Pennsylvania Pastors Network Warns of Gambling Effects, as Community Holds Hearing on Casino

The Pennsylvania community of Morgantown will hold a March 4 hearing to discuss the application of a “mini casino” in Morgantown, the Reading Eagle reports.

But the Pennsylvania Pastors Network says a casino doesn’t belong in the rural and religious heritage of the Morgantown area, which is a gateway to Amish-dominated Lancaster County, and the conservative western Chester and Southern Berks counties.

“A gambling casino located in Morgantown, Pennsylvania, is about as incongruous as a Planned Parenthood office in the basement of a church or a physician intentionally injecting a healthy patient with tuberculosis,” said PPN President Sam Rohrer, who also serves as president of the American Pastors Network. “These deep cultural values reflected in the work ethic, historic moral standards, committed family life and neighbor-helping-neighbor lifestyles of our community stand in sharp contrast to the nature and results of gambling and the destructive addictions resulting from gambling, as well as the associated by-products of increased alcohol consumption and the frequent degenerating impacts on family life.”

The local culture is now at risk because of the decision of the Caernarvon Township Supervisors to “open the door” to a gambling facility, Rohrer added.

“What would compel the supervisors to encourage such a risk is a clearly unanswered question,” he said. “Why would the supervisors consider the unique nature of this community and the culture of the people who voted for them to be of such little value?
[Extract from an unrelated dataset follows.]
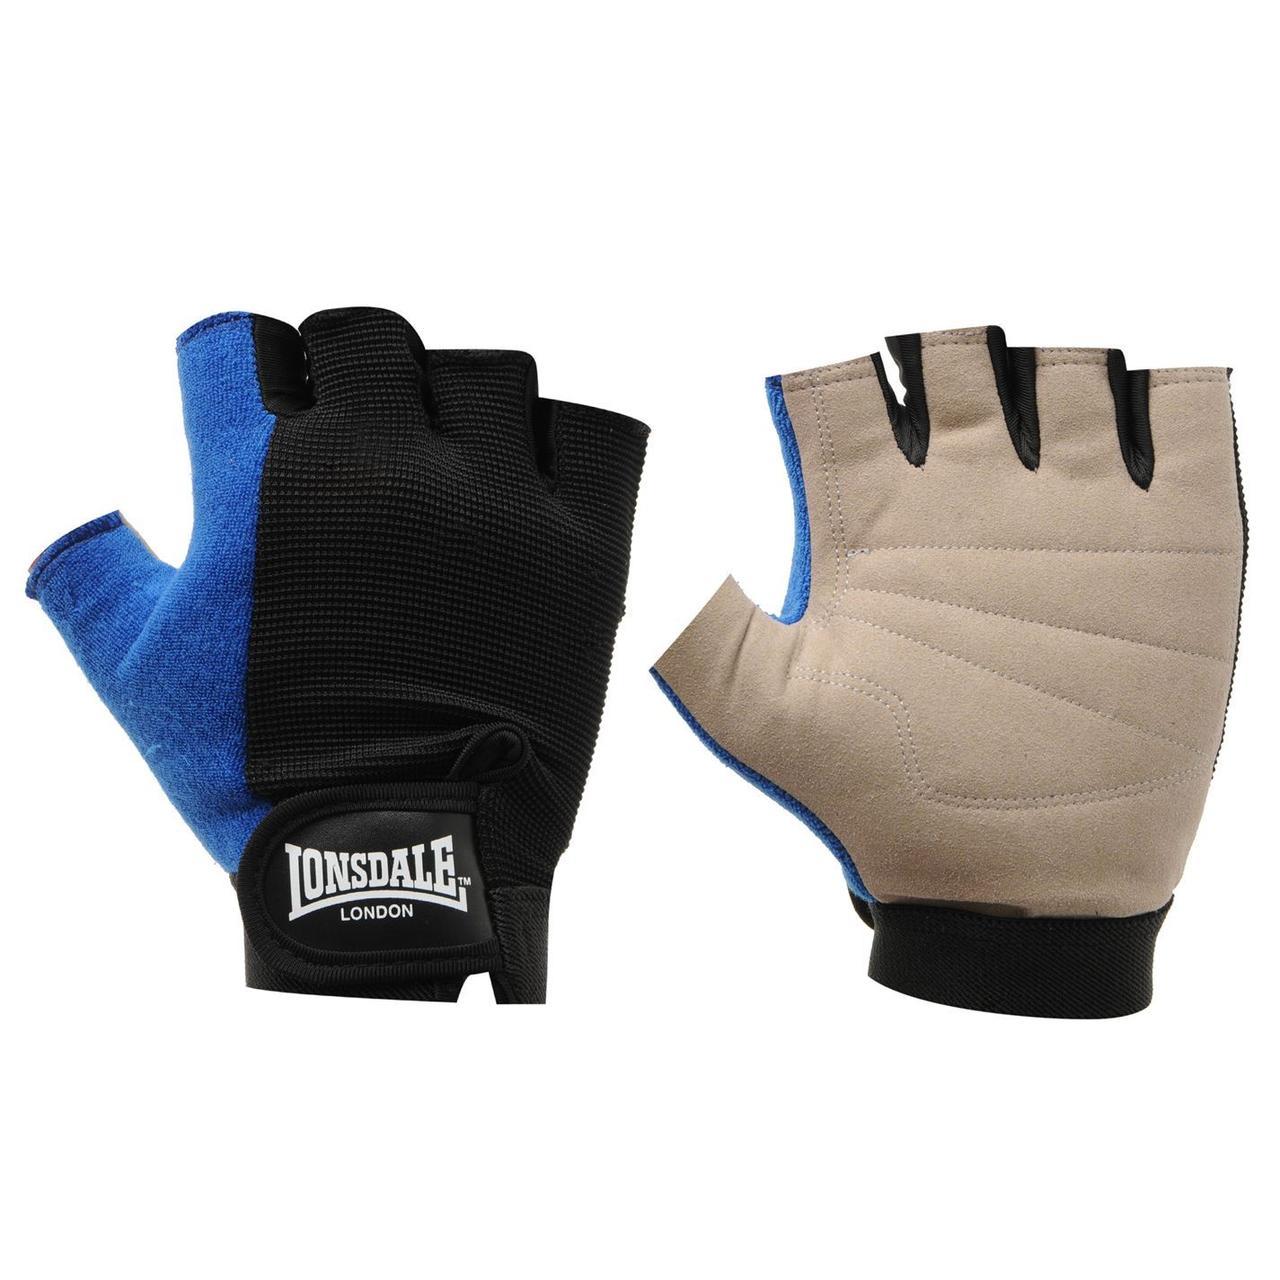 Lonsdale Перчатки для тренажерного зала Lonsdale Fitness Gloves

Short of promising some elusive tax revenues to citizens of the township, what value to the community do the supervisors offer in exchange for a casino? What cultural value does a major gambling casino contribute to our community? What upstanding values of character, integrity or work ethic does gambling in any form offer to our children? Our families? What upstanding and personally strengthening moral attributes can a gambling facility ever offer a community, and specifically our generally God-fearing culture? There are none.”
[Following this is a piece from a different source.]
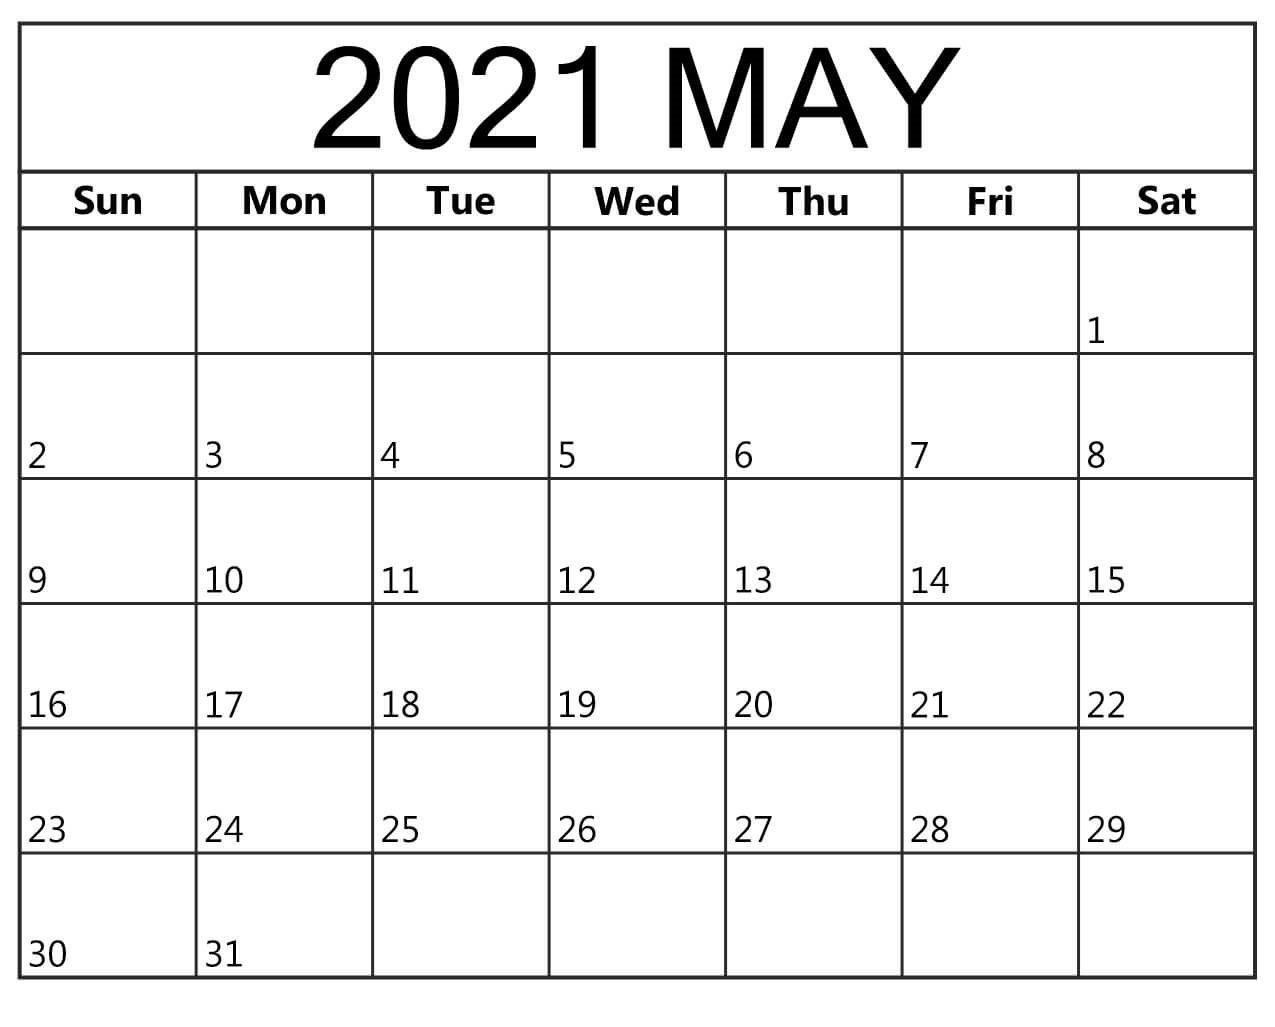 May 2021 Calendar Printable With Pdf - Thecalendarpedia regarding Free Printable Planner Pdf 2021

The Pennsylvania Gaming Control Board will hold the public hearing at 4 p.m. Monday, March 4, at the Caernarvon Township municipal building’s social hall at 3307 Main Street. The aim will be to collect testimony on the Category 4 casino application submitted by Penn National Gaming Inc. Rohrer, a former Pennsylvania State Representative for the 128th District, plans to be present and testify.

The Wyomissing, Pa.-based Penn National filed an application in October to build Hollywood Casino Morgantown, an 81,425-square-foot mini-casino, on 36 acres near the Pennsylvania Turnpike, Interstate 176 and Route 10.

According to the Reading Eagle, the proposed mini-casino would feature 750 slot machines and 30 tables games, plus room for 10 more table games—the allowable limit Category 4 casinos, which were approved by the Pennsylvania General Assembly in 2017.

Those wishing to testify at the hearing must register by noon March 1 at www.gamingcontrolboard.pa.gov and click the “Penn National Casino Berks Public Input Hearing” link under the QuickLinks section of the homepage.

Those who cannot attend and wish to submit written comments can do so via the same web link, by e-mail to boardclerk@pa.gov, or by fax to 717-265-7416. Mailed comments must be postmarked by March 1 and mailed to PA Gaming Control Board, P.O. Box 69060, Harrisburg PA 17106.

A separate public hearing will be held in Harrisburg at a date to be announced.